Why it matters. Gowers called the result "a milestone in AI mathematics," and number theorist Arul Shankar said current AI models are "capable of having original ingenious ideas, and then carrying them out to fruition." Crucially, the model was not a specialized math system like AlphaProof and was not scaffolded for the problem — the same architecture that handles general reasoning produced a publishable mathematical discovery. As TechCrunch notes, OpenAI's track record here is uneven: former VP Kevin Weil's October claim that GPT-5 had solved ten Erdős problems collapsed when it turned out the solutions already existed in the literature. This time, OpenAI shipped with endorsements from Noga Alon, Melanie Wood, and Thomas Bloom — the same mathematicians who previously criticized the earlier overreach.
Who is affected.

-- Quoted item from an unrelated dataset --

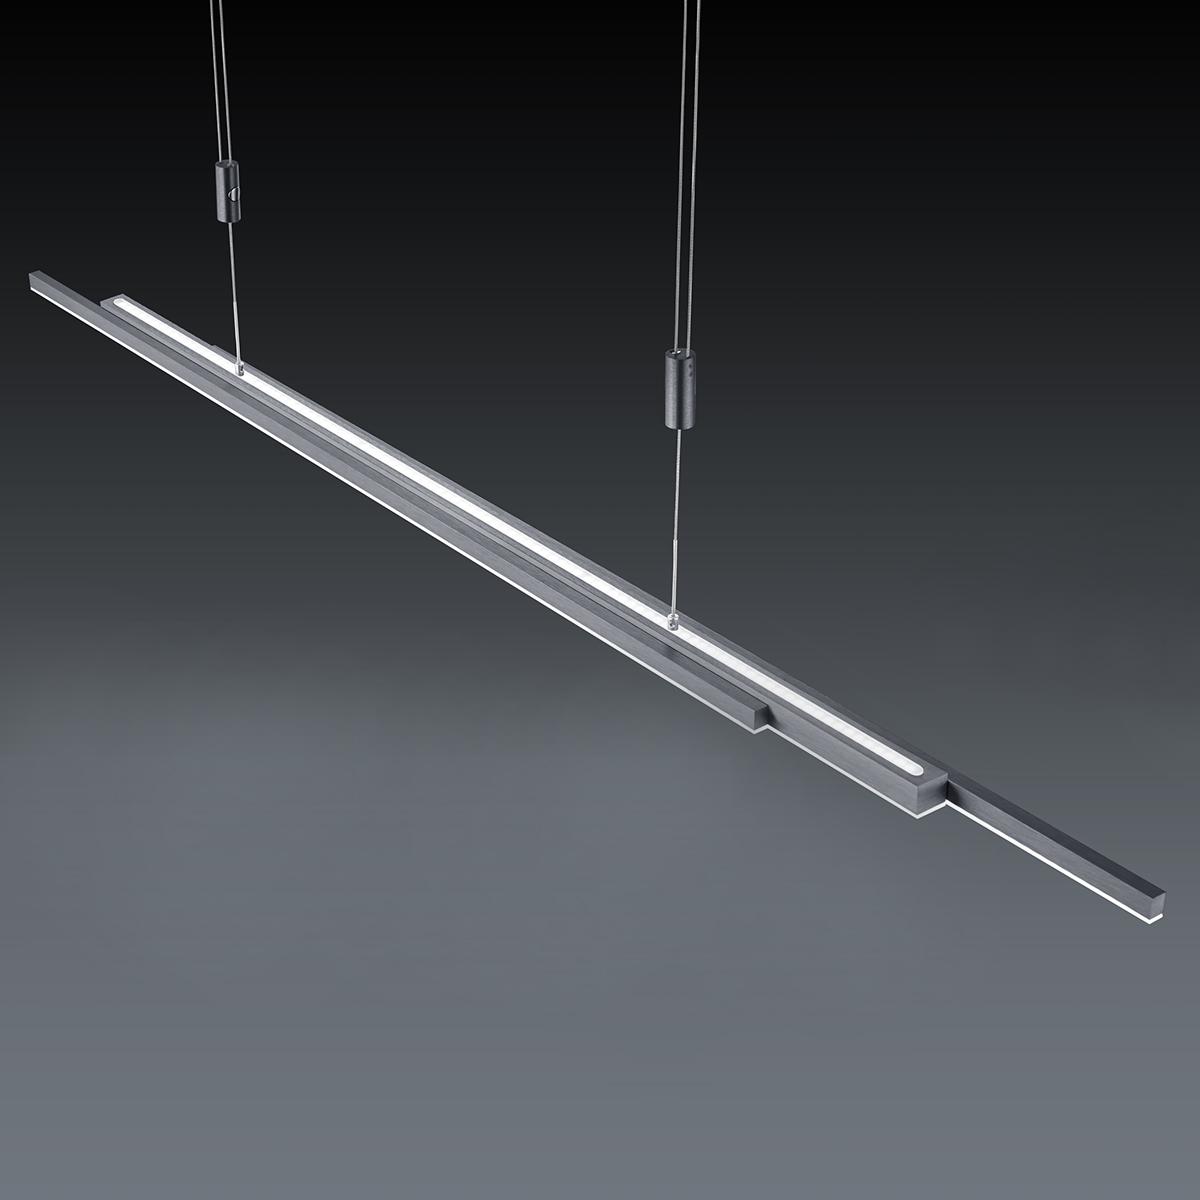 LED-Hängeleuchten von BANKAMP Leuchtenmanufaktur LED-Pendelleuchte L-lightline/ up and down 2154/1-39

Research mathematicians now have working evidence that frontier reasoning models can contribute novel constructions in active subfields, not just reproduce known results. For AI labs, the result strengthens the inference-time-scaling thesis underpinning current product roadmaps. For adjacent sciences — biology, physics, materials — OpenAI explicitly frames the same long-horizon reasoning capability as transferable, though that claim remains untested.

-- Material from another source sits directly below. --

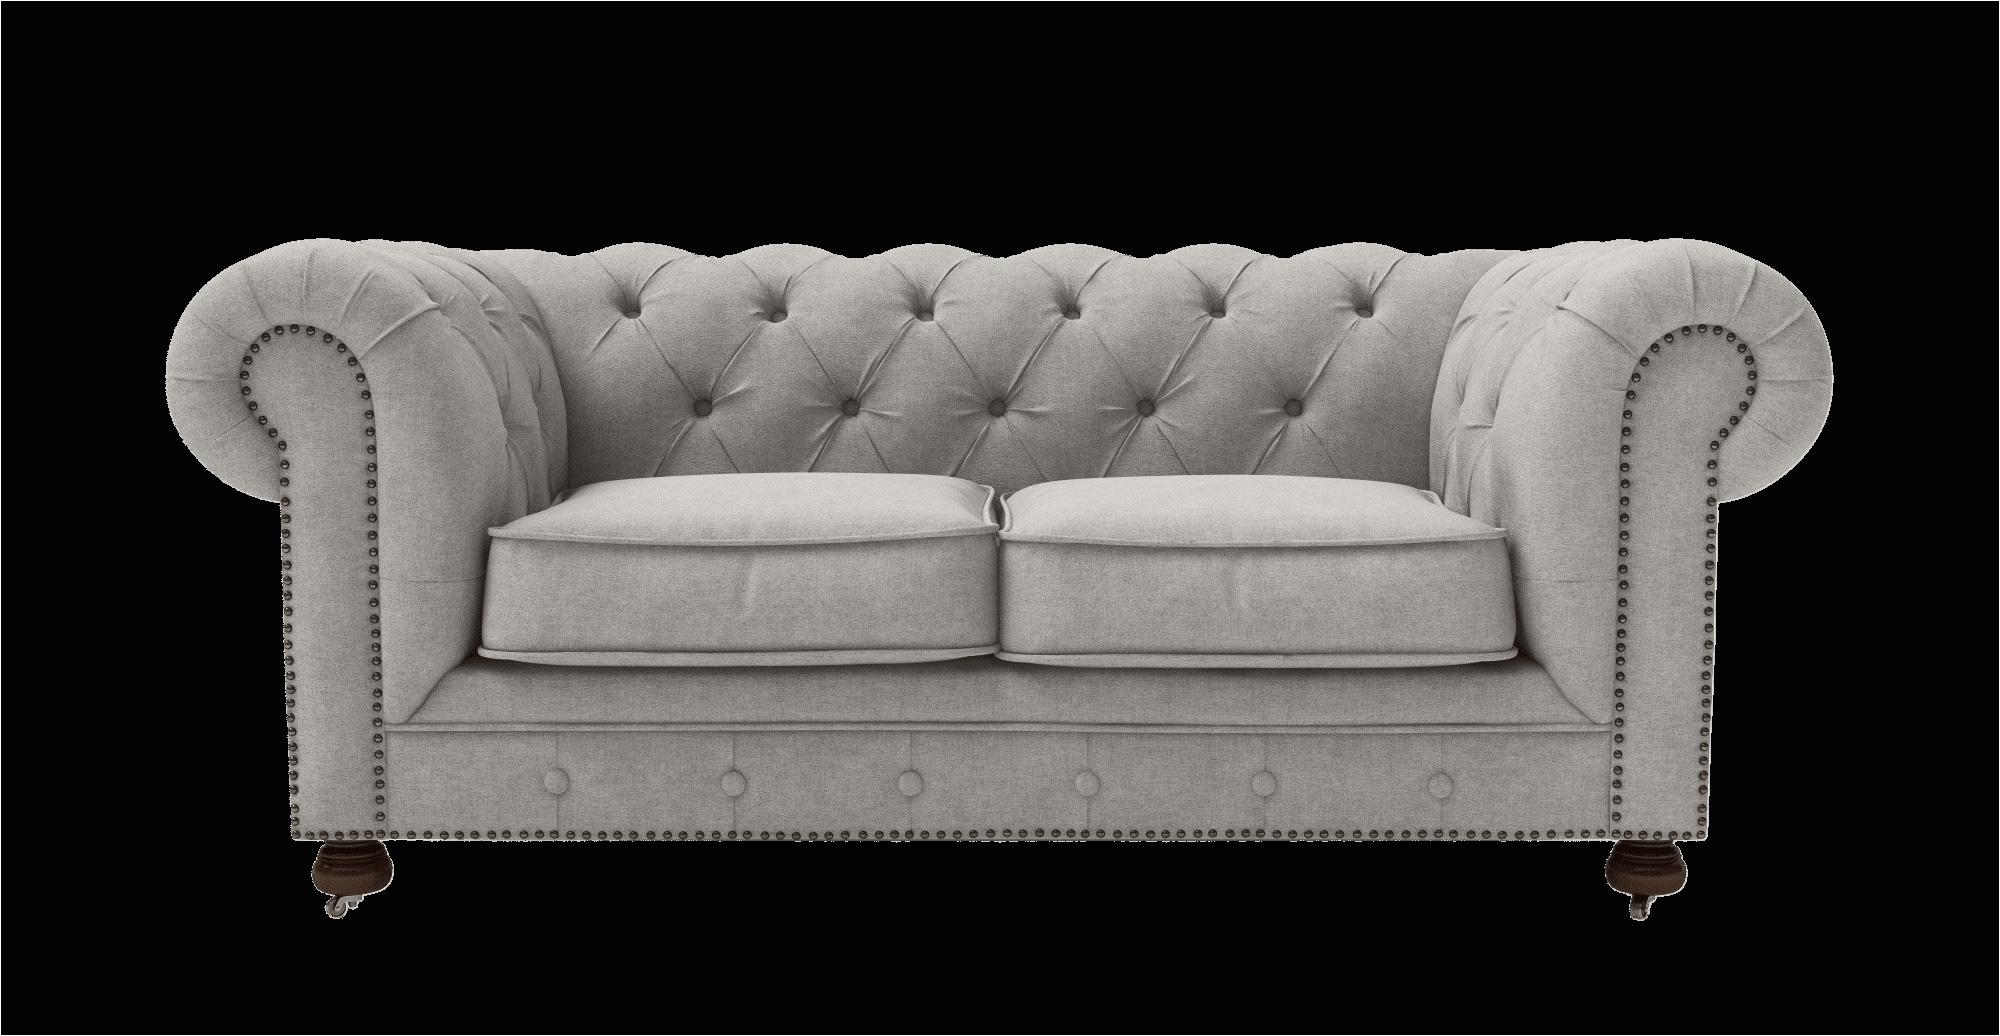 american freight furniture louisville ky best of american freight furniture and mattress indianapolis in best 50

What to watch next. Whether algebraic number theorists revisit other open problems in discrete geometry along the bridge this proof opened, as Bloom predicts; whether the model — or its successor — is released publicly with comparable capability; how peer review handles the increasing volume of AI-assisted proofs; and whether competing labs (DeepMind, Anthropic) produce comparable autonomous research results outside Olympiad-style benchmarks.
Sources:
- [HN · 1197↑] An OpenAI model has disproved a central conjecture in discrete geometry — Hacker News
- [AINews] OpenAI GPT-next disproves 80 year old Erdős planar unit distance problem for under $1000 — Latent Space
- The Erdős Breakthrough — YouTube · OpenAI
- OpenAI claims it solved an 80-year-old math problem — for real this time — TechCrunch AI
Today's three stories trace a single arc. The compute that Anthropic is buying from xAI is the same kind of compute that produced OpenAI's Erdős proof in under 32 hours, and the same kind that Google is now packaging into Antigravity-orchestrated agents on a billion-user Search box. The capital intensity revealed in SpaceX's S-1 — $15B in annual contracts, $2.8B in turbines, gigawatt-scale facilities — is the infrastructure layer; agentic Search and personal AI are the consumer monetization; and autonomous mathematical discovery is the upper bound on what that stack can now do unsupervised. The frontier is no longer about which model scores highest on a benchmark, but about who controls the data centers, the agent harnesses, and the long-horizon reasoning loops on top of them.